Dying to end a Family Law case?
Death in Family Law Cases
We all know that we really ought to get things resolved as soon as we can – and there’s about a million ‘time management’ books and self-anointed gurus that tell us to ‘do it now’ – but human nature is what it is.
Despite the best will in the world sometimes things take longer than expected. It’s no different with things legal. And that includes Family Law cases.
Sometimes Family Law property cases drag on much longer than expected. There may be complications that take a long time to unravel, expert reports may be needed, sometimes health issues arise. Whatever the cause for the delay, the one great certainty of life is its uncertainty.
So what happens if a party to a Family Law property case dies before it’s over?

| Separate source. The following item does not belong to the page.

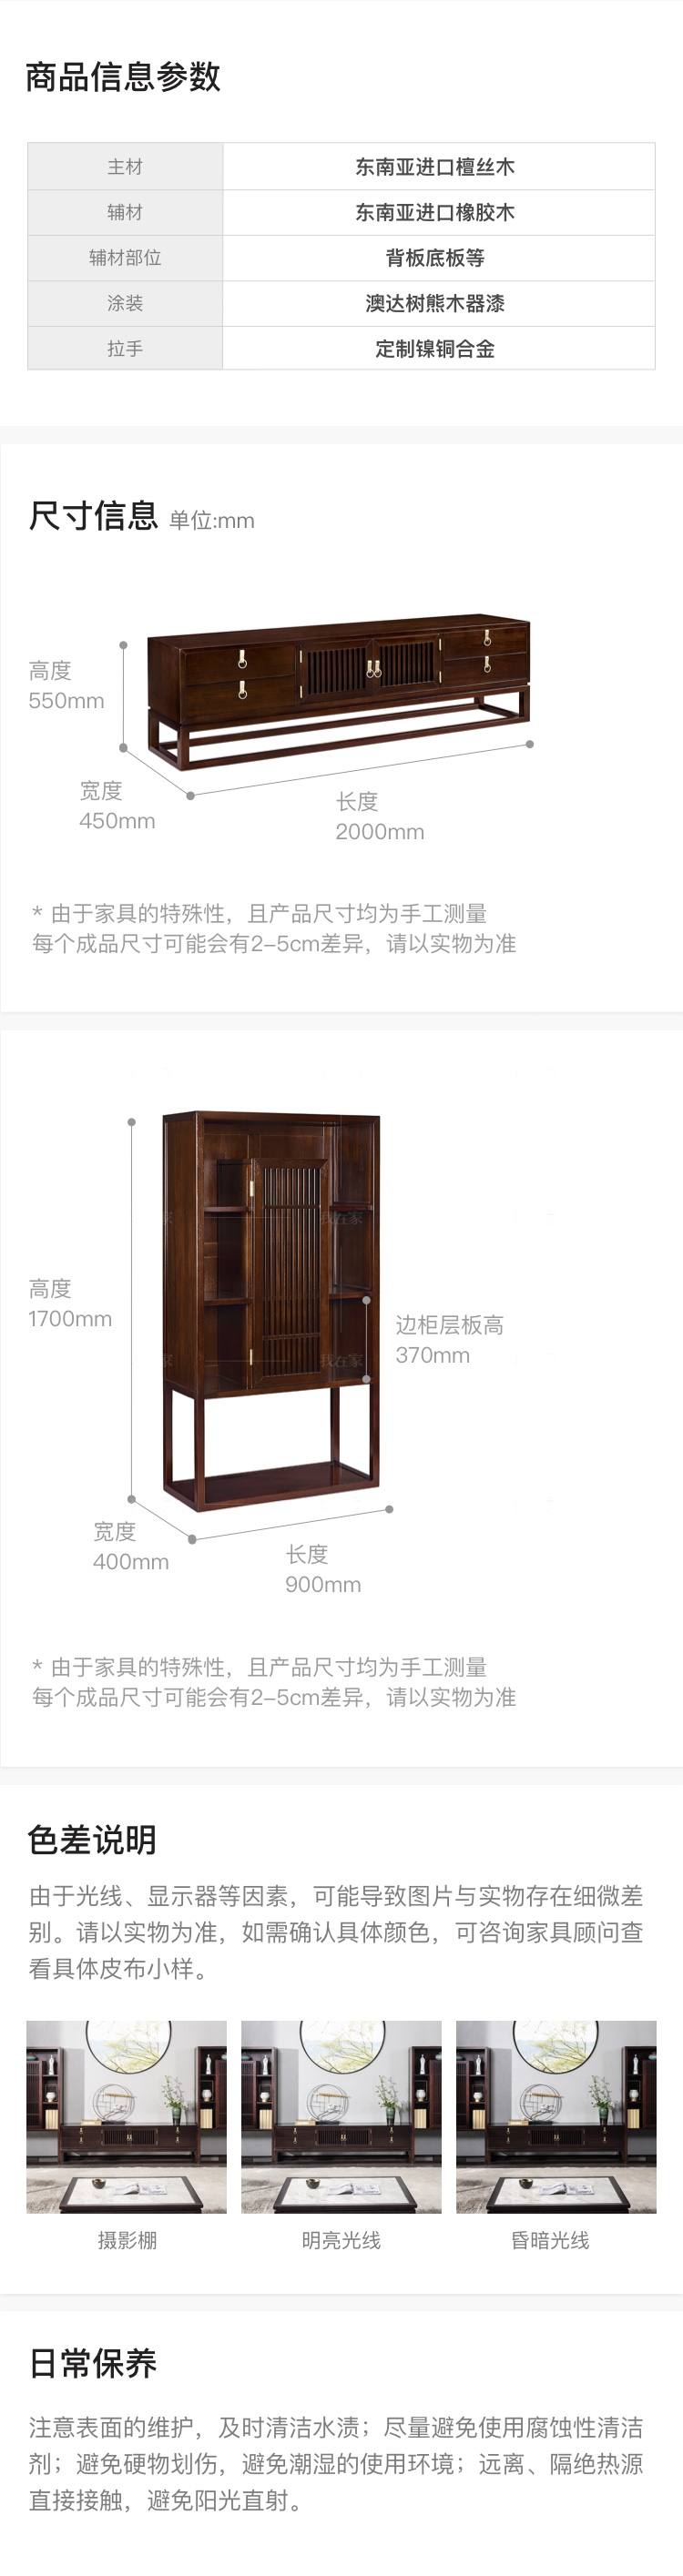 新中式风格似锦电视柜的家具详细介绍

Well the first point to note is that if a case hasn’t been started before someone dies then it can’t begin after death. The right to bring a legal proceeding under the Family Law Act expires with you. In that case the law of succession will determine the property interests of the deceased. If you’d rather the government have less of a say than you in dealing with your assets after death then making a Will would be the the appropriate course.
However if court proceedings have been started but not finished and one of the parties dies then it is possible for the court to carry on with the case and to make a final decision. The factors that need to be taken into account are similar as if both parties were still alive but with some necessary adjustment for the changed circumstances.
It will not automatically follow that just because a case has started it will have to finish. The attitude of the surviving party and the legal representative of the deceased will play a key role in deciding if the case should proceed. If you find yourself in a situation of having to decide what to do in such circumstances you should get professional legal advice as soon as possible to help you decide the best thing to do in your case. No two sets of circumstances are identical.
What steps must a court follow in deciding property applications?
- In deciding any property adjustment application the first question a court will have to decide is whether there should be any property adjustment at all? Would it be ‘just and equitable’ to alter property interests?
- If so, then, as a starting point, the property of the parties (including that in an estate) need to be identified and values agreed or obtained from experts. Orders taking effect on property need to be able to specify what property is to be dealt with and how.
- The next step is for the contributions of both parties, in financial and non-financial terms, to be weighed up. Who contributed what money? Who earned during the relationship? Who owned property at the outset? What about gifts and inheritances? Who expended what effort and energy and on what? Who looked after the home? Who took care of the chores? Who raised children or cared for family members? The relevant contributions are as variable as relationships themselves.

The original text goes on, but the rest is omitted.